I took my hand away and resisted an urge to wipe it on my dress. I never liked the way vamps felt when they went hard and otherworldly. They didn't feel like flesh then, almost plastic like a dolphin, but harder, as if there was no muscle underneath, nothing but solidness like a tree.
"I'll do what I can, Harry."
"We're monsters, Anita. We'll always be monsters. I've really enjoyed being able to walk the streets like everyone else, but it won't last."
"Maybe, maybe not," I said. "Let's take care of this problem before we borrow another one, okay?"
He nodded and walked away to stack glasses.
"That was very comforting of you," Perry said. Anyone else on the squad would have said it wasn't like me to be comforting. Of course, anyone else would have already given me a hard time about the dress. I was going to have to go down to RPIT headquarters. Dolph would be there and Zerbrowski, probably. They'd know just what to say about the dress.
24
Three o'clock found me at the headquarters for the Regional Preternatural Investigation Team. Another squad had buttons made up for us with the abbreviation RIP bleeding down the front of the button in red or green, your choice. Zerbrowski handed them out, and we all wore them, even Dolph. The first vampire we killed after the buttons arrived came through the morgue with one of the buttons pinned to its shirt. Never did find out who did it. My money was on Zerbrowski.
Zerbrowski met me on the steps leading into the squad room. "If that dress was slit any higher, it'd be a shirt," he said.
I looked him up and down. His pale blue shirt was coming untucked from a pair of dark green dress slacks, his tie so loose, it looked like a bulky necklace. "Jeez, Zerbrowski, is Katie mad at you?"
He frowned. "No, why?"
I motioned at the tie that matched neither shirt nor slacks. "She let you wear this out where people could see you."
He grinned. "I dressed in the dark."
I touched the black-figured tie. "That I believe."
But it didn't faze him.
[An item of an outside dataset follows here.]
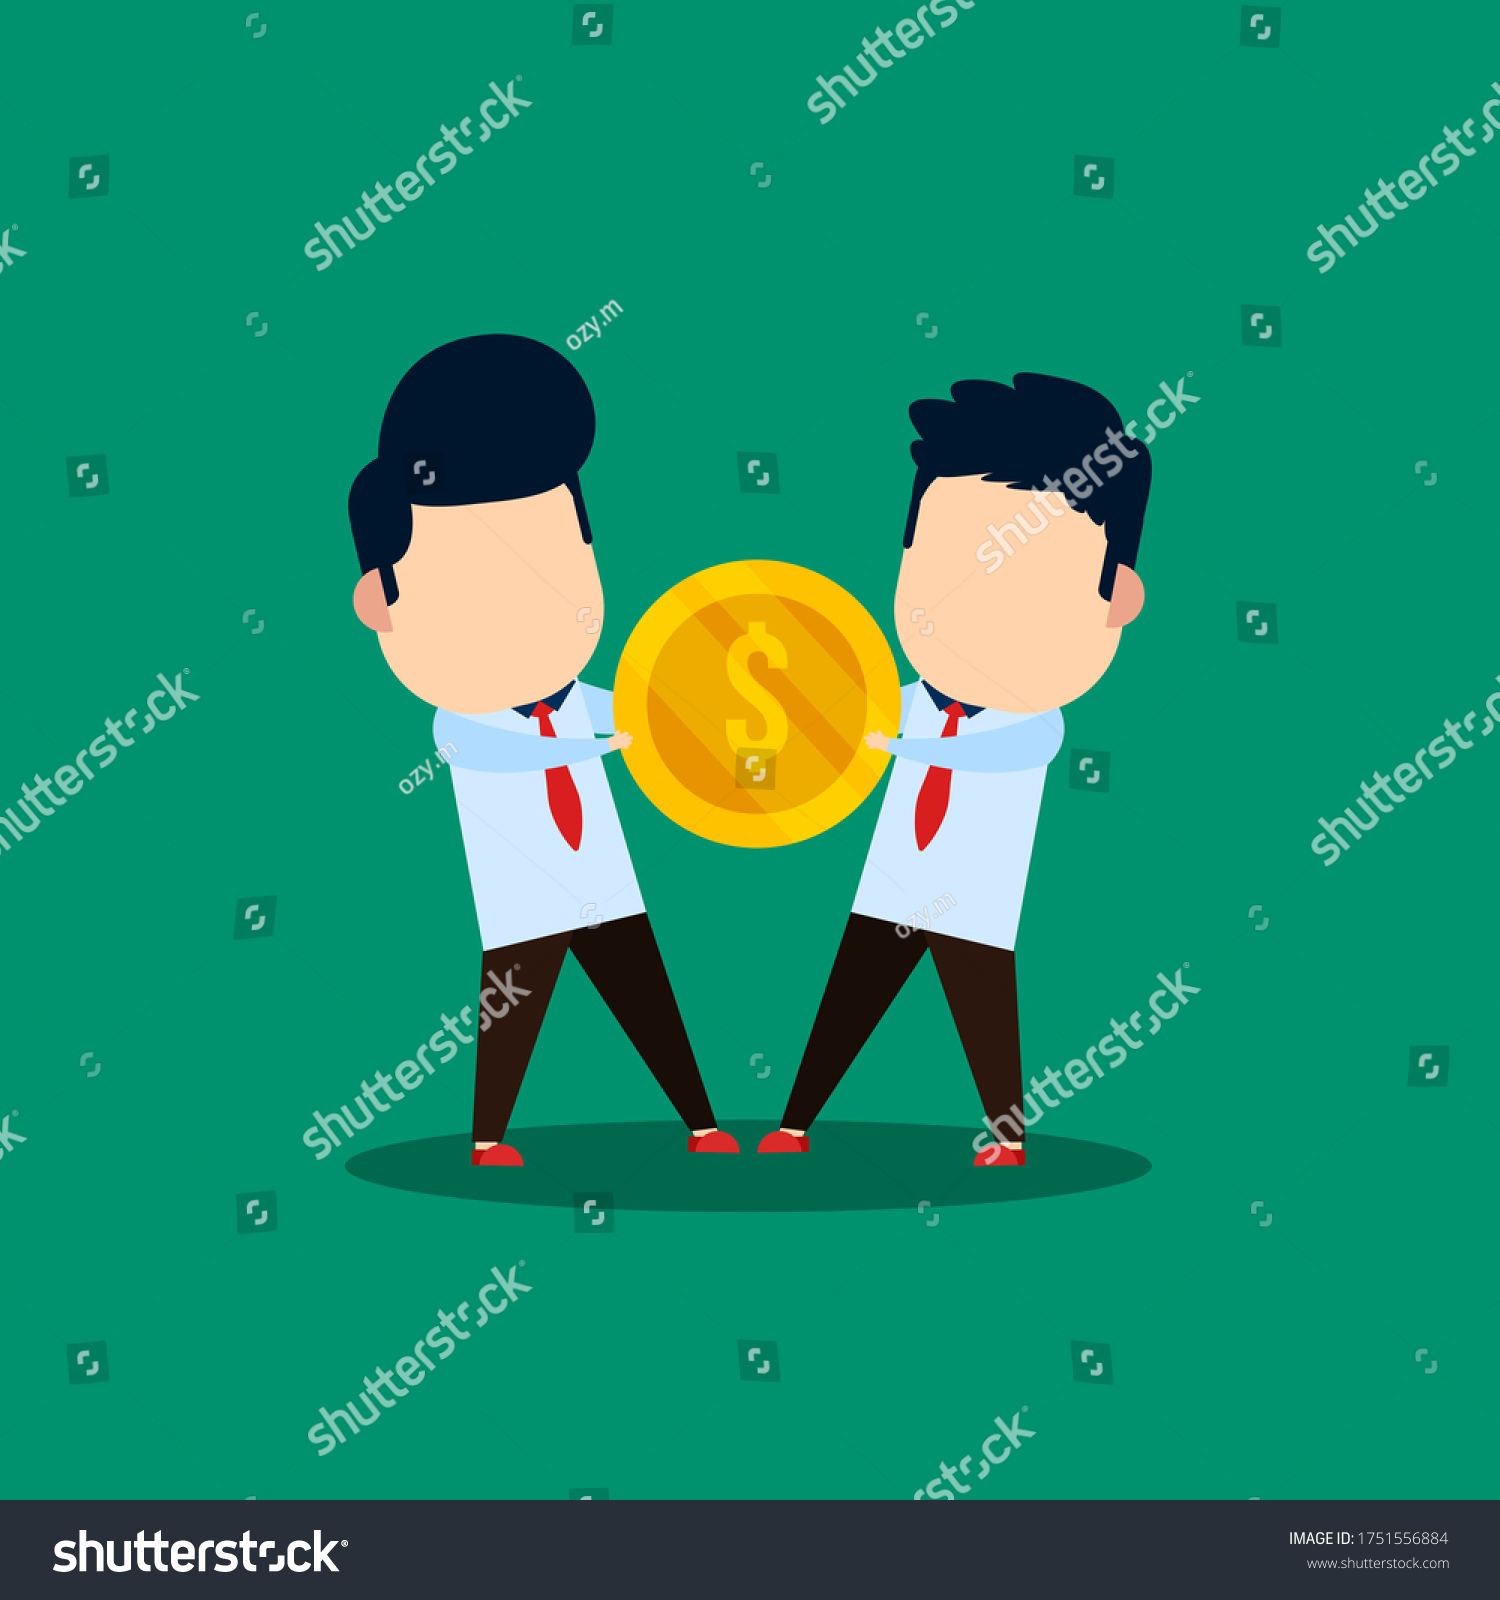 SVG of two businessmen fighting over coins svg

He pushed the door open to the squad room with a flourish. He beamed at me. "Beauty before age."
It was my turn to frown. "What are you up to, Zerbrowski?"
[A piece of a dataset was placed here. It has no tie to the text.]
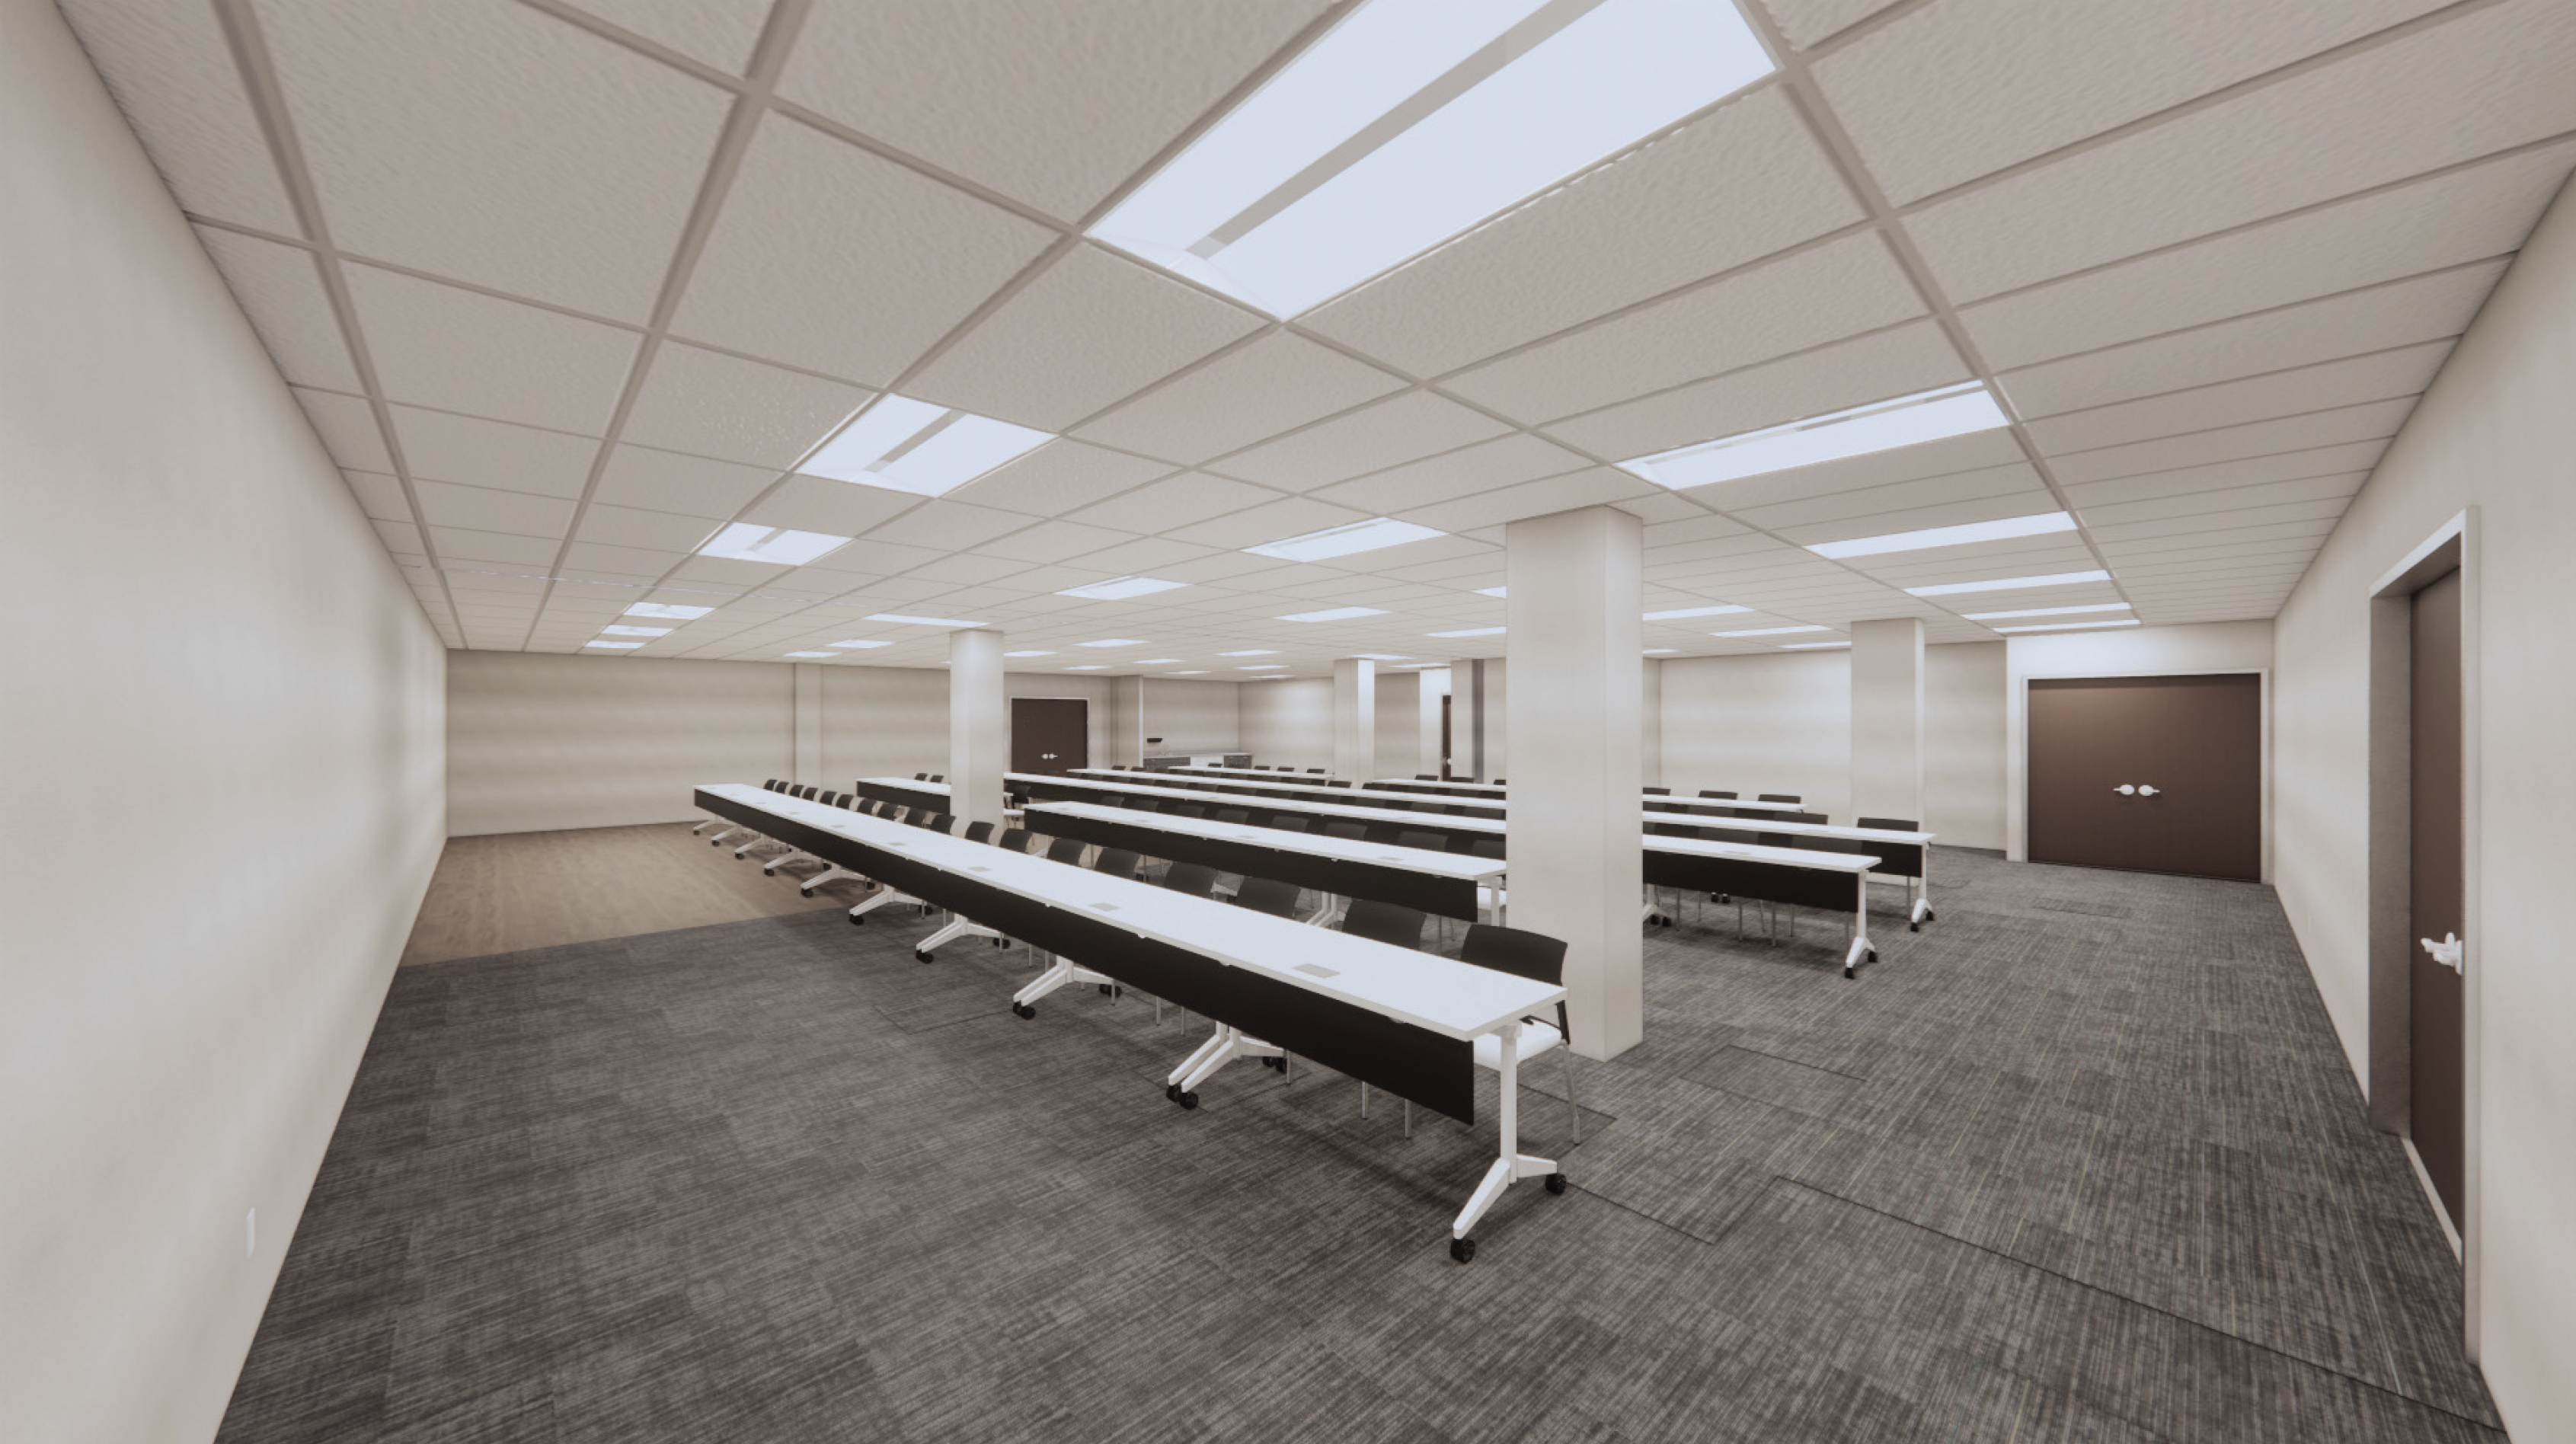 Rendering of the Community Room Renovation

He gave me innocent eyes. "Me, up to something?"
I shook my head and walked through the door. There was a stuffed toy penguin on every desk. Everyone answered phones, filed, worked on their computers. No one paid me any attention. Just the penguins sitting on every desk. It had been almost a year since Dolph and Zerbrowski had seen my penguin collection. The teasing didn't start right away; I thought I was safe. When Zerbrowski got back off sick leave after the new year, the penguins had started showing up at every creme scene. On my car seat, in my trunk. They must have spent a couple of hundred dollars on the things by now.